**Task goal**
For this exercise, an exact copy is needed of only the lines from the one containing "The NTHU Hospital" through the end of the data, with pictures left out.

**Data below**
○ ○ ○
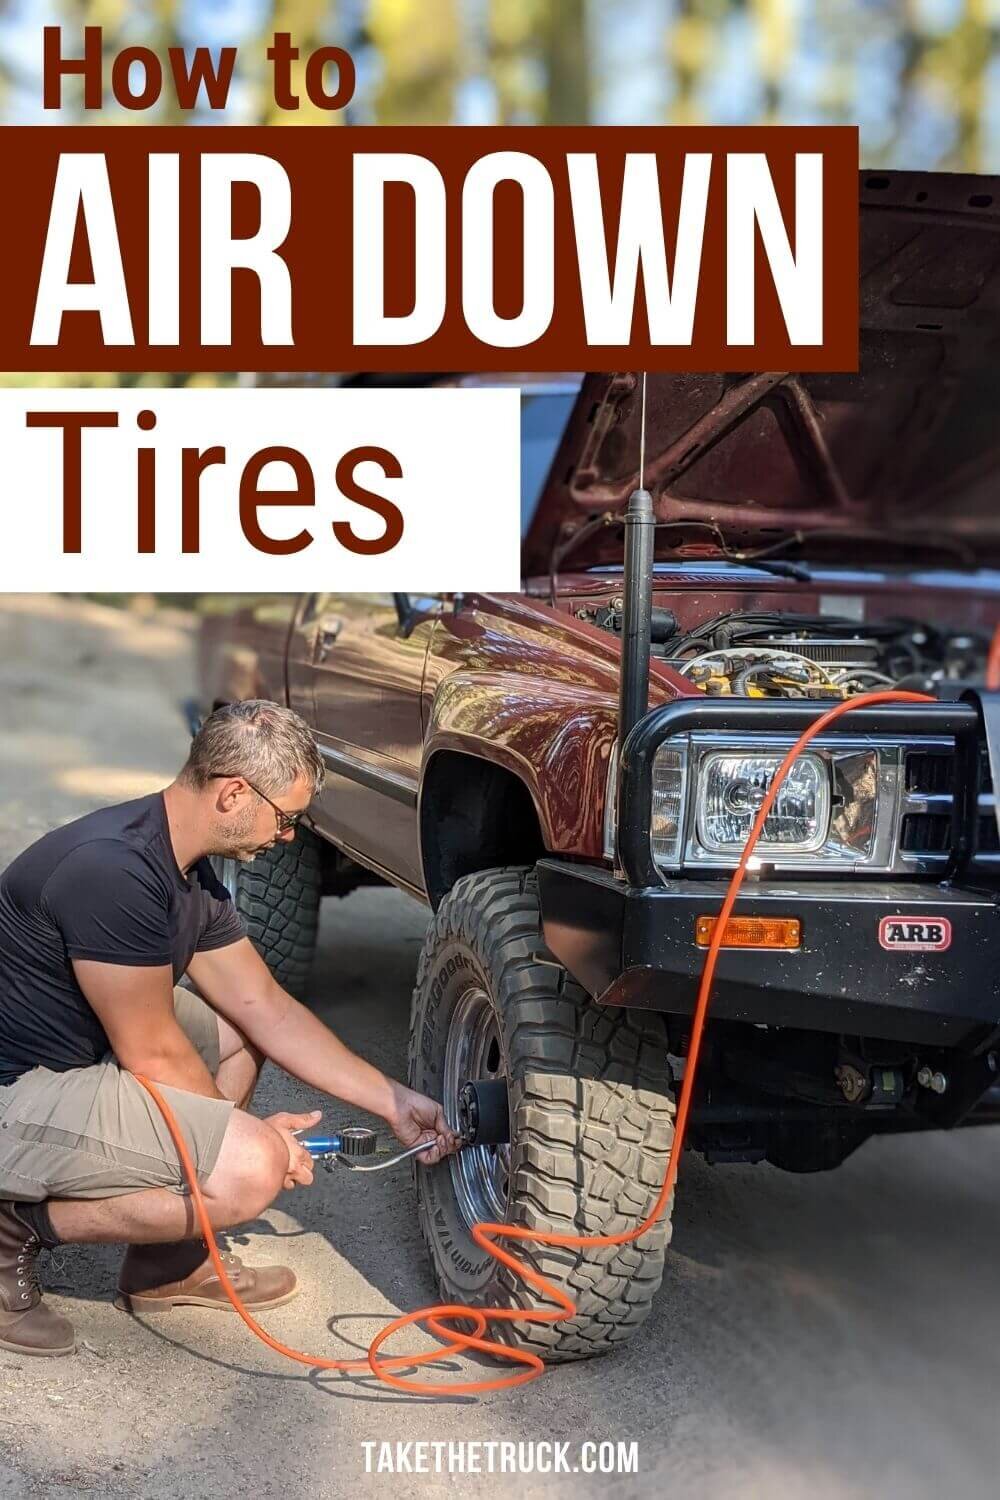 Everything about how to air down tires. Airing down off road tires or overland tires will improve your experience! Plus tool recommendations for airing down tires like off road air compressors. 
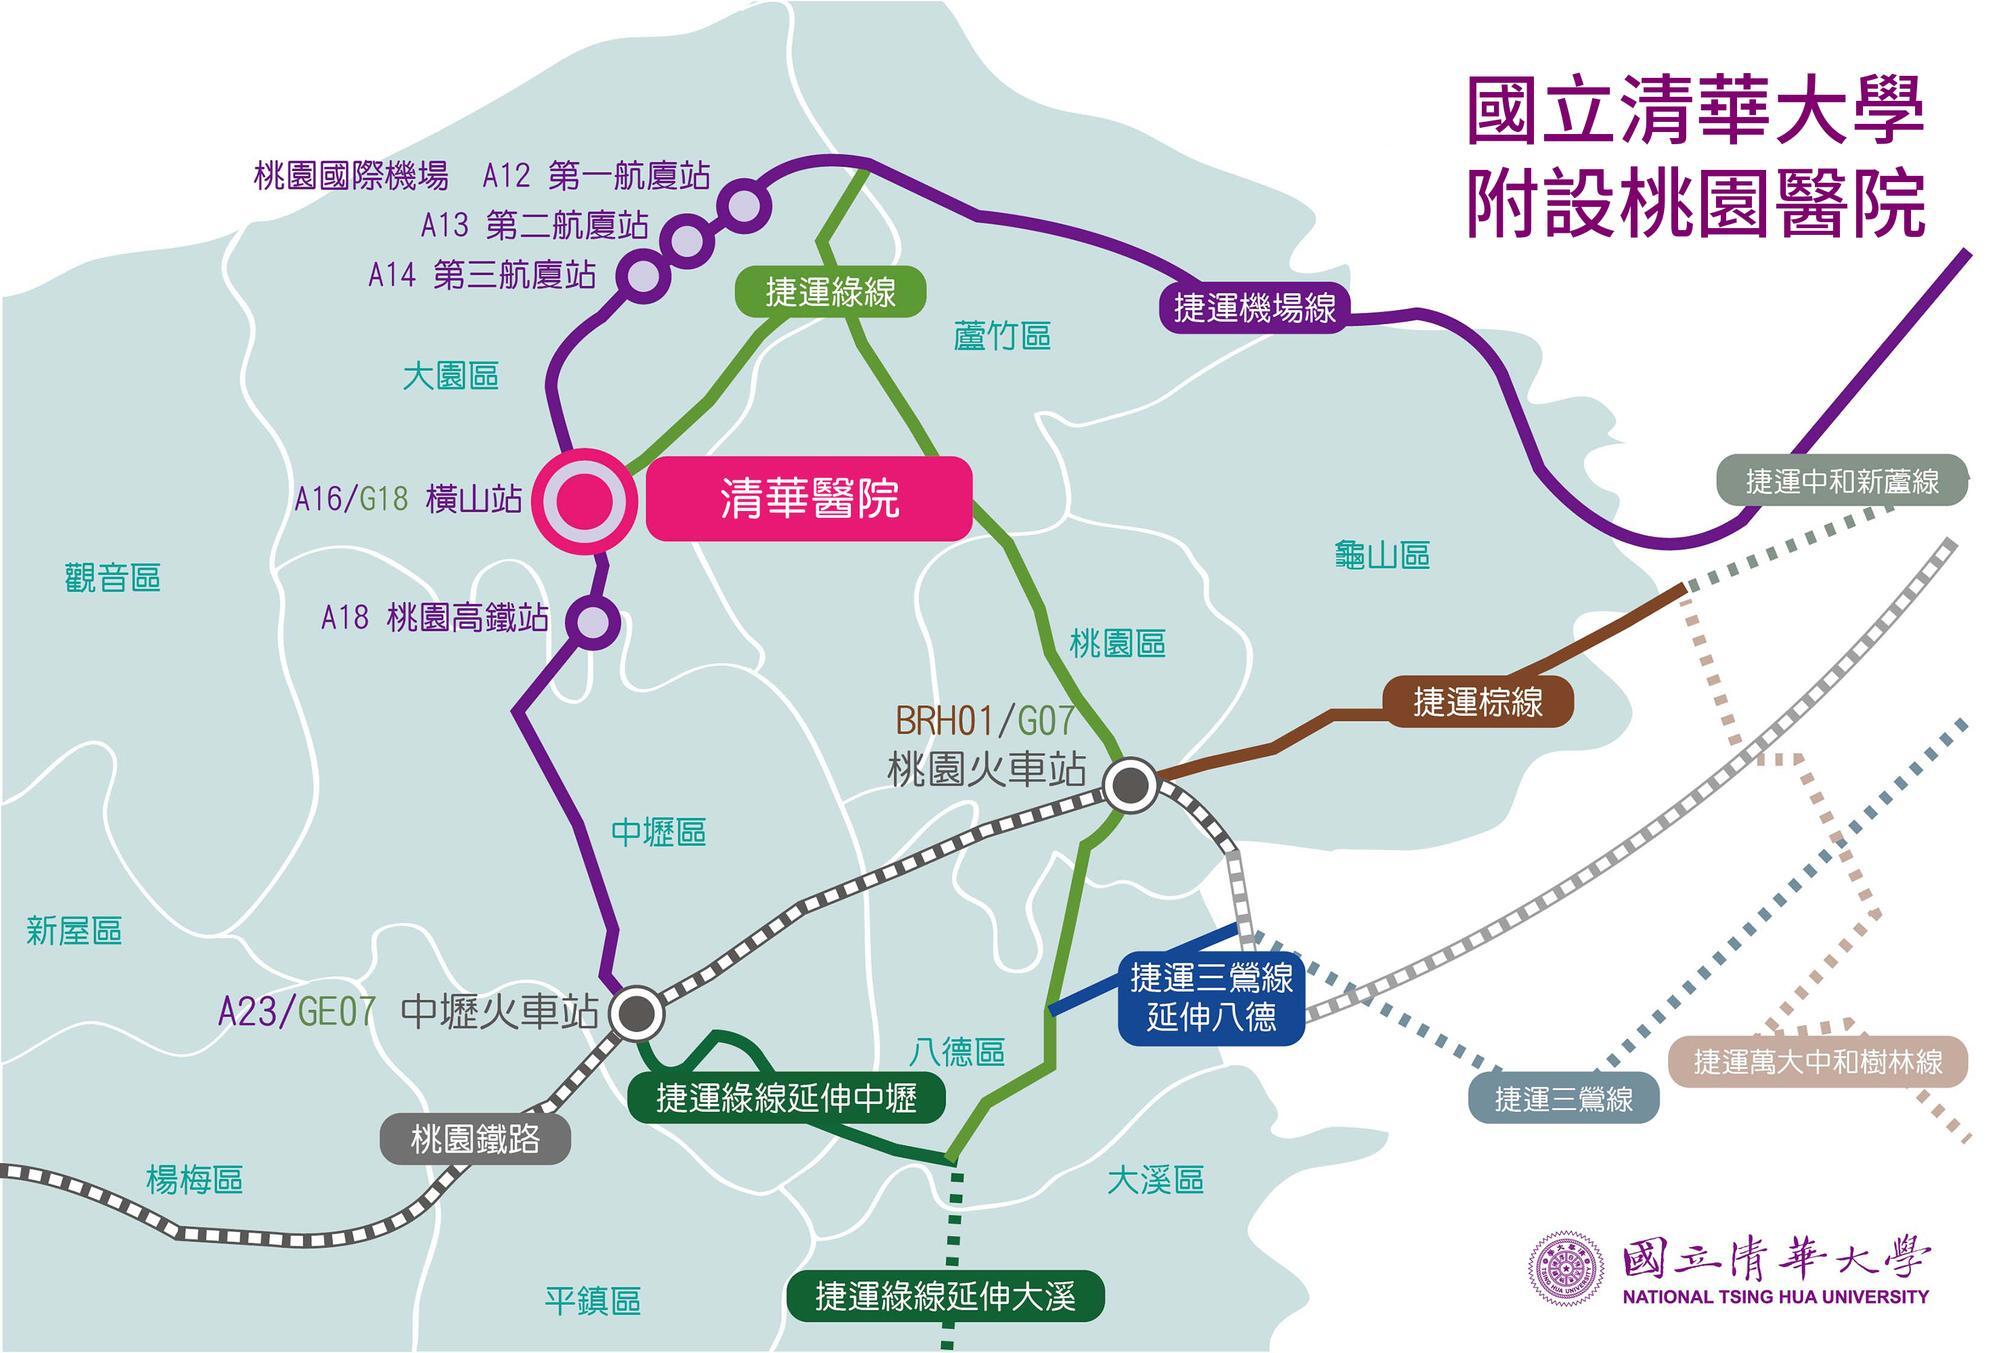 The NTHU Hospital will be adjacent to the A16 Hengshan Station of the Taoyuan Airport MRT. It is also expected to intersect with the future Green Line of the MRT. 
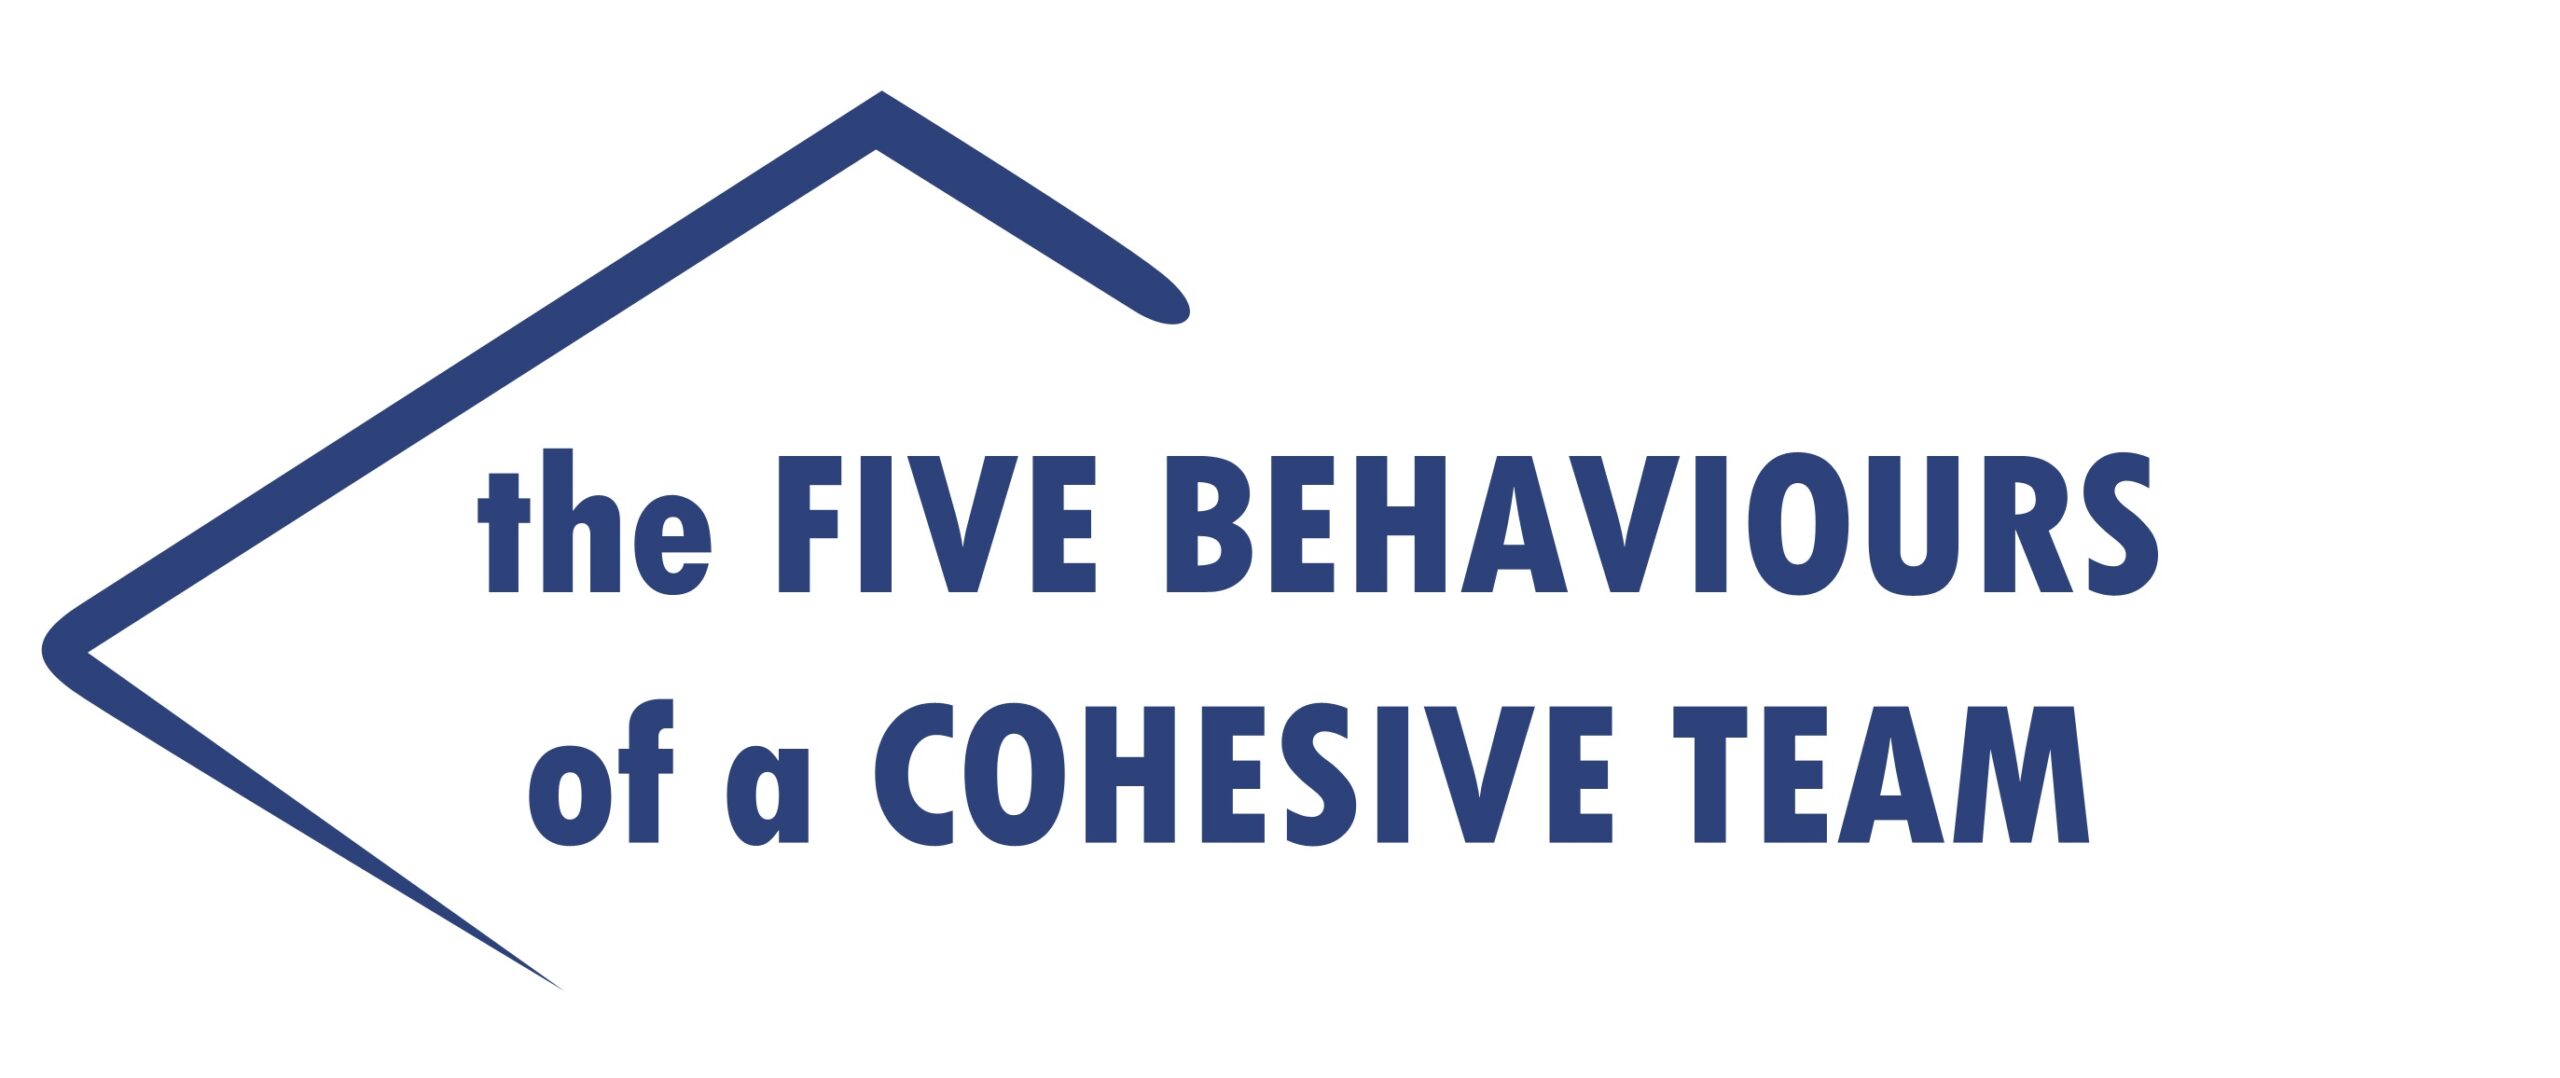 The Five Behaviours of a Cohesive Team Class
○ ○ ○
**Output of the exercise**
 The NTHU Hospital will be adjacent to the A16 Hengshan Station of the Taoyuan Airport MRT. It is also expected to intersect with the future Green Line of the MRT. 
 The Five Behaviours of a Cohesive Team Class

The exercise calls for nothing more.